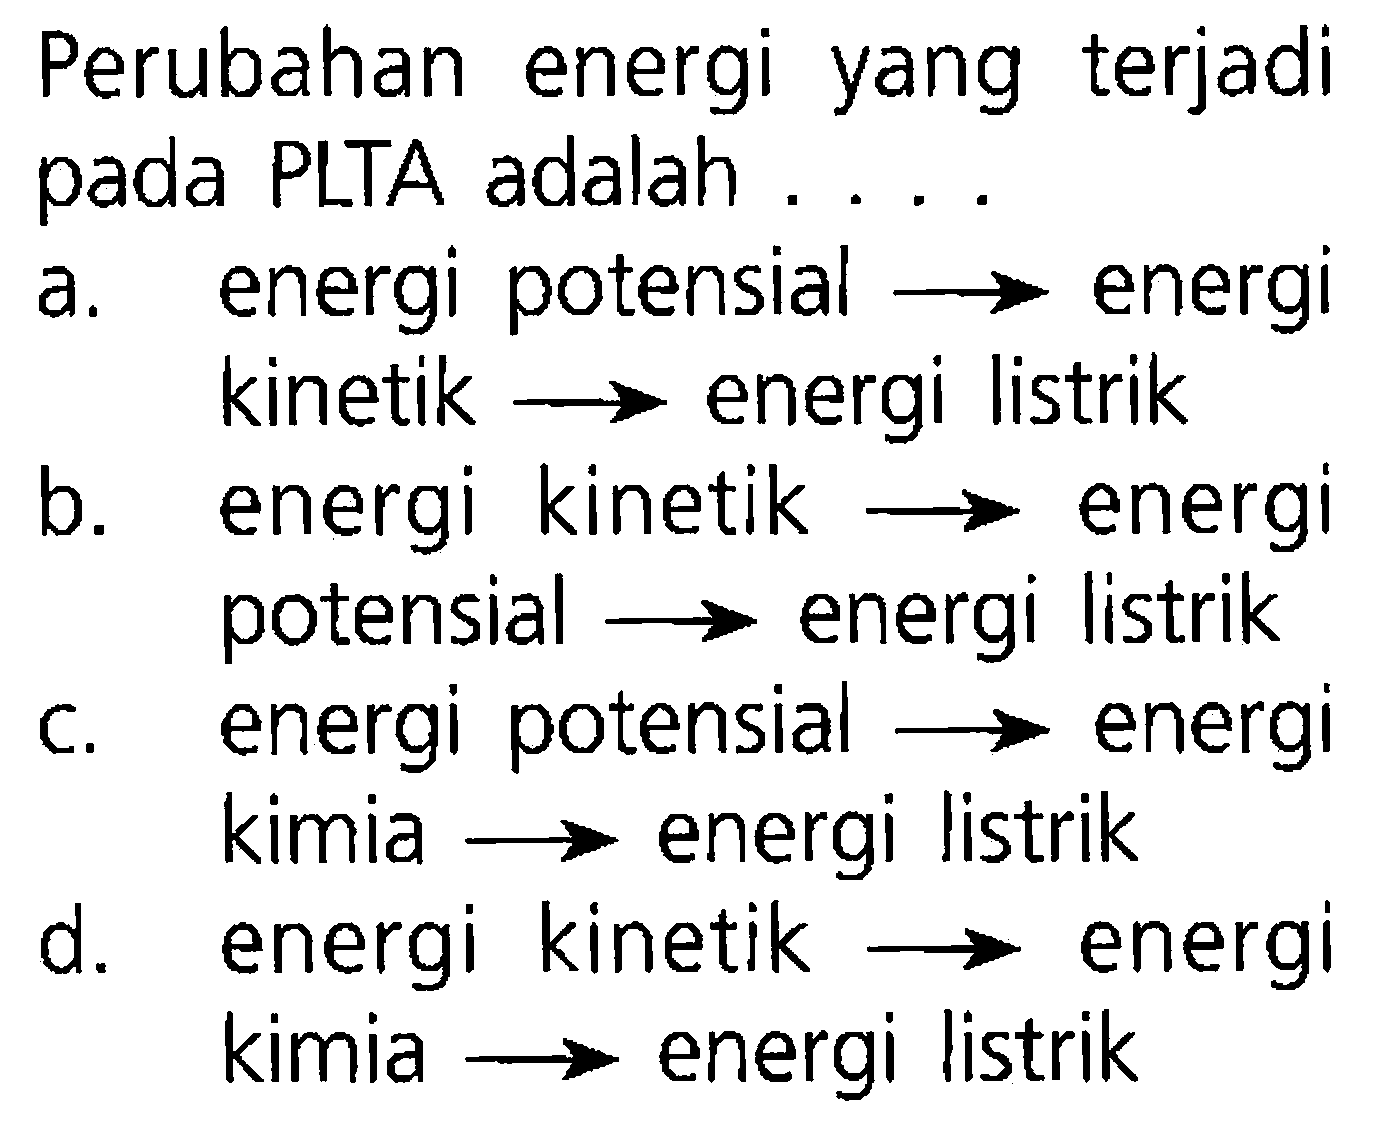 Perubahan energi yang terjadi pada PLTA adalah ....
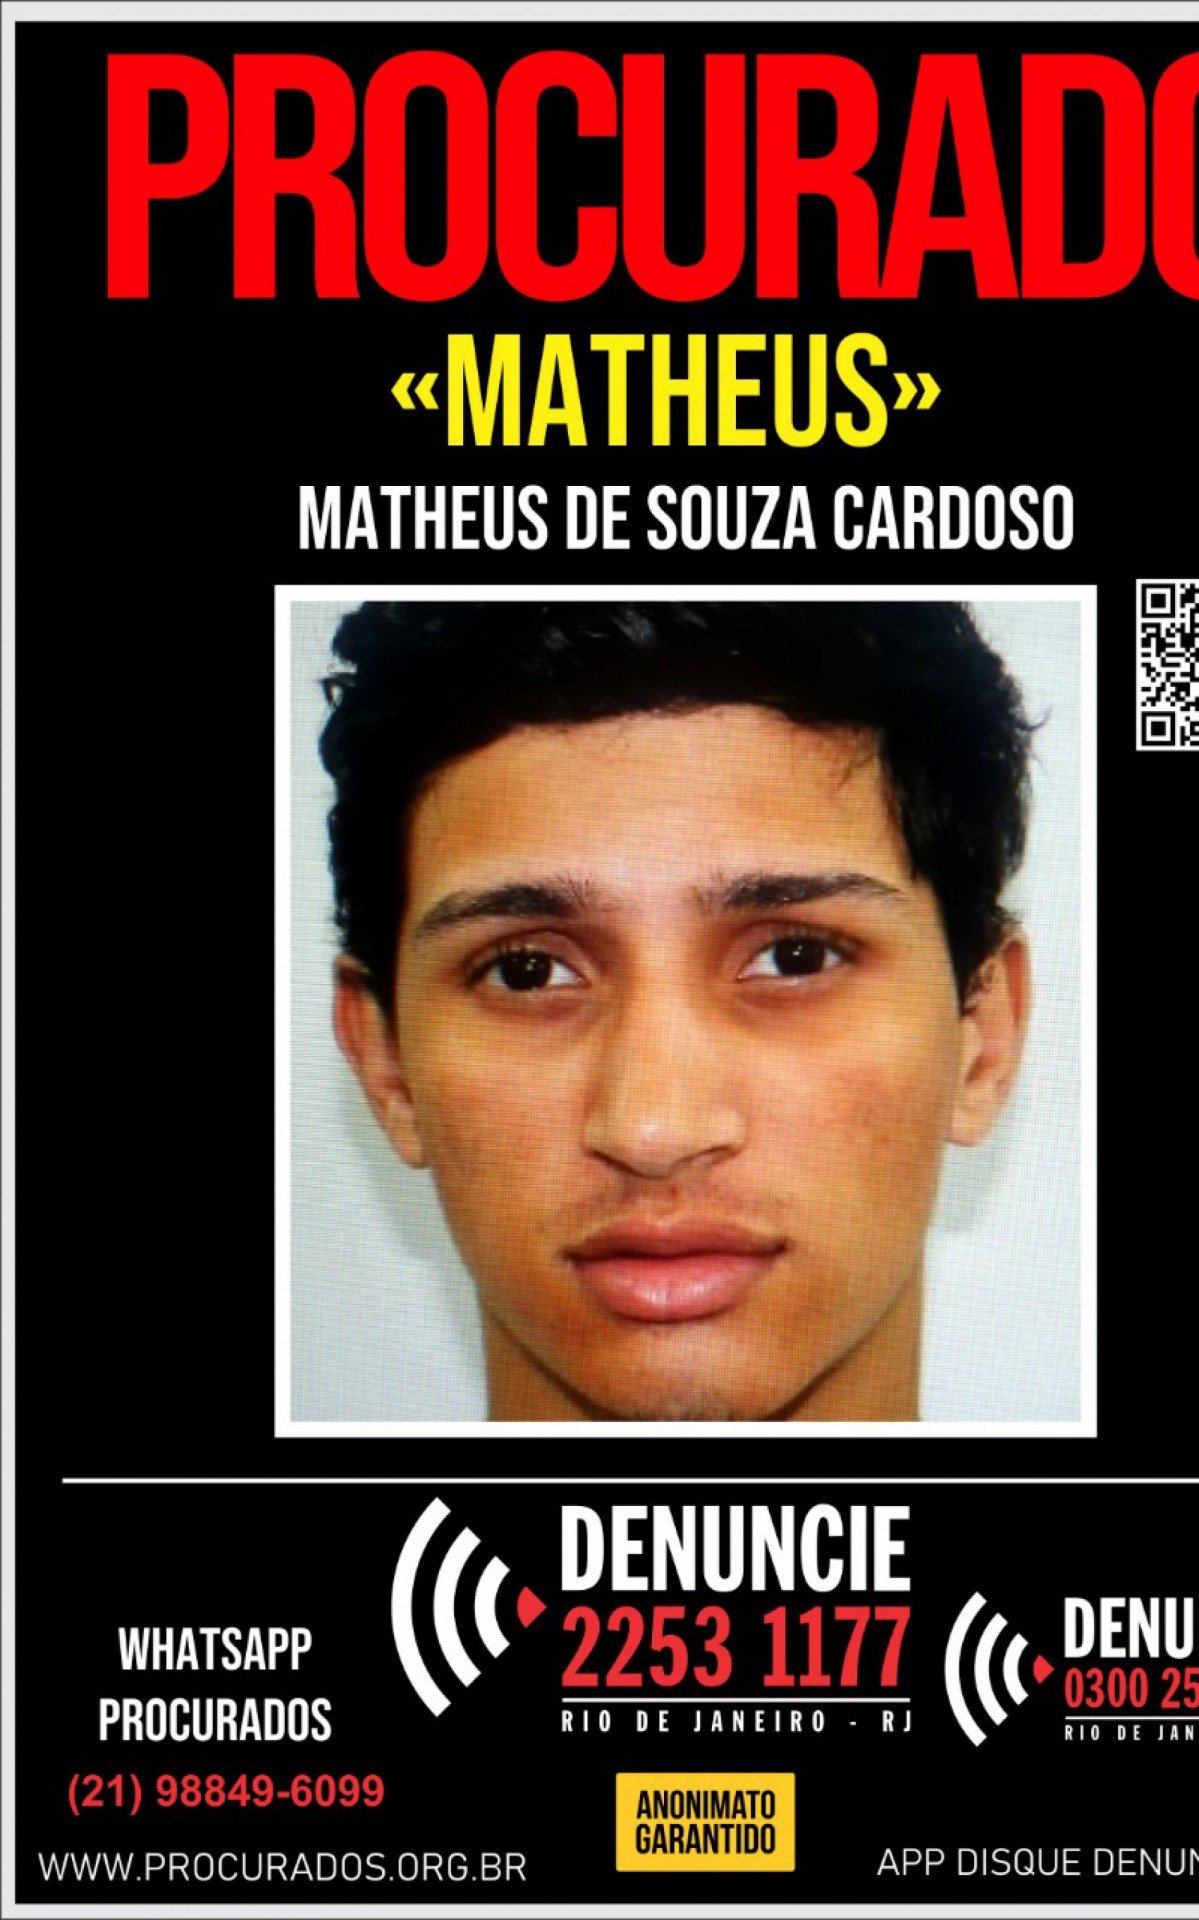 Matheus de Souza Cardoso atacou Luiz Henrique com um canivete - Divulgação/Portal dos Procurados
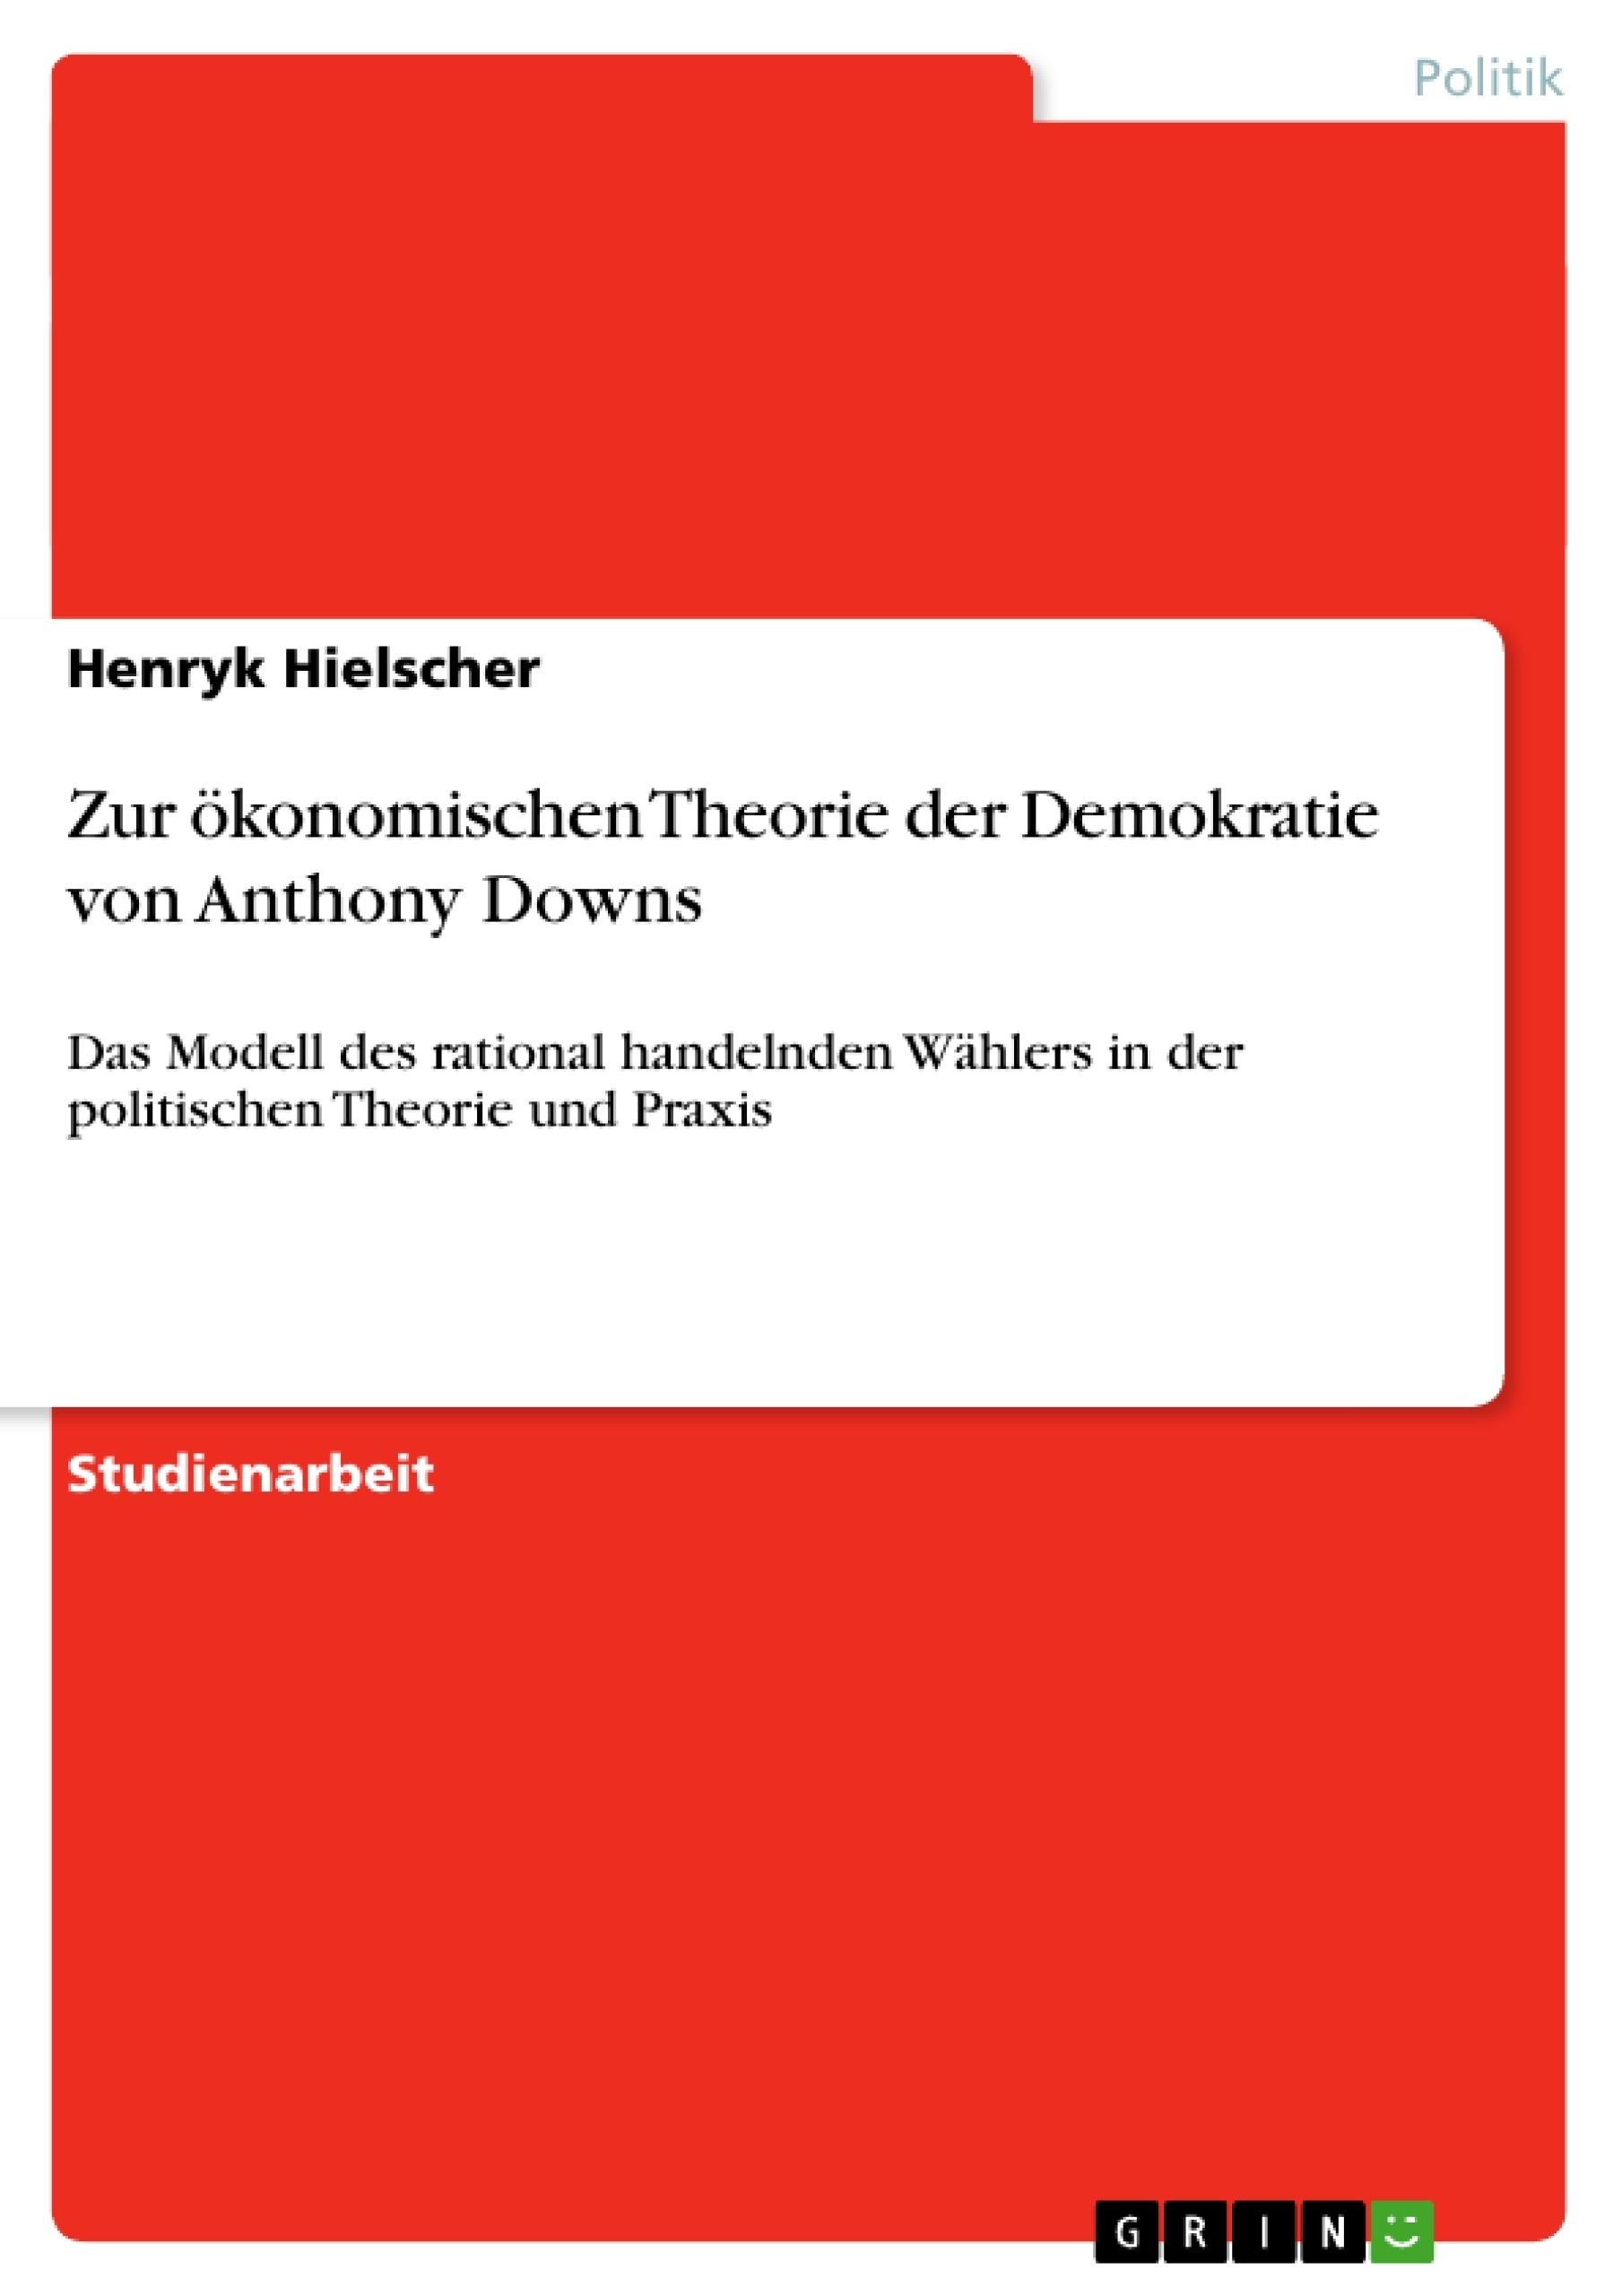 Título: Zur ökonomischen Theorie der Demokratie von Anthony Downs

● DIRECTIONS FOR THIS TASK: Omit each picture, then return all of the listing exactly as it stands.

● TASK RESPONSE:
 Perubahan energi yang terjadi pada PLTA adalah ....
 Matheus de Souza Cardoso atacou Luiz Henrique com um canivete - Divulgação/Portal dos Procurados
 Título: Zur ökonomischen Theorie der Demokratie von Anthony Downs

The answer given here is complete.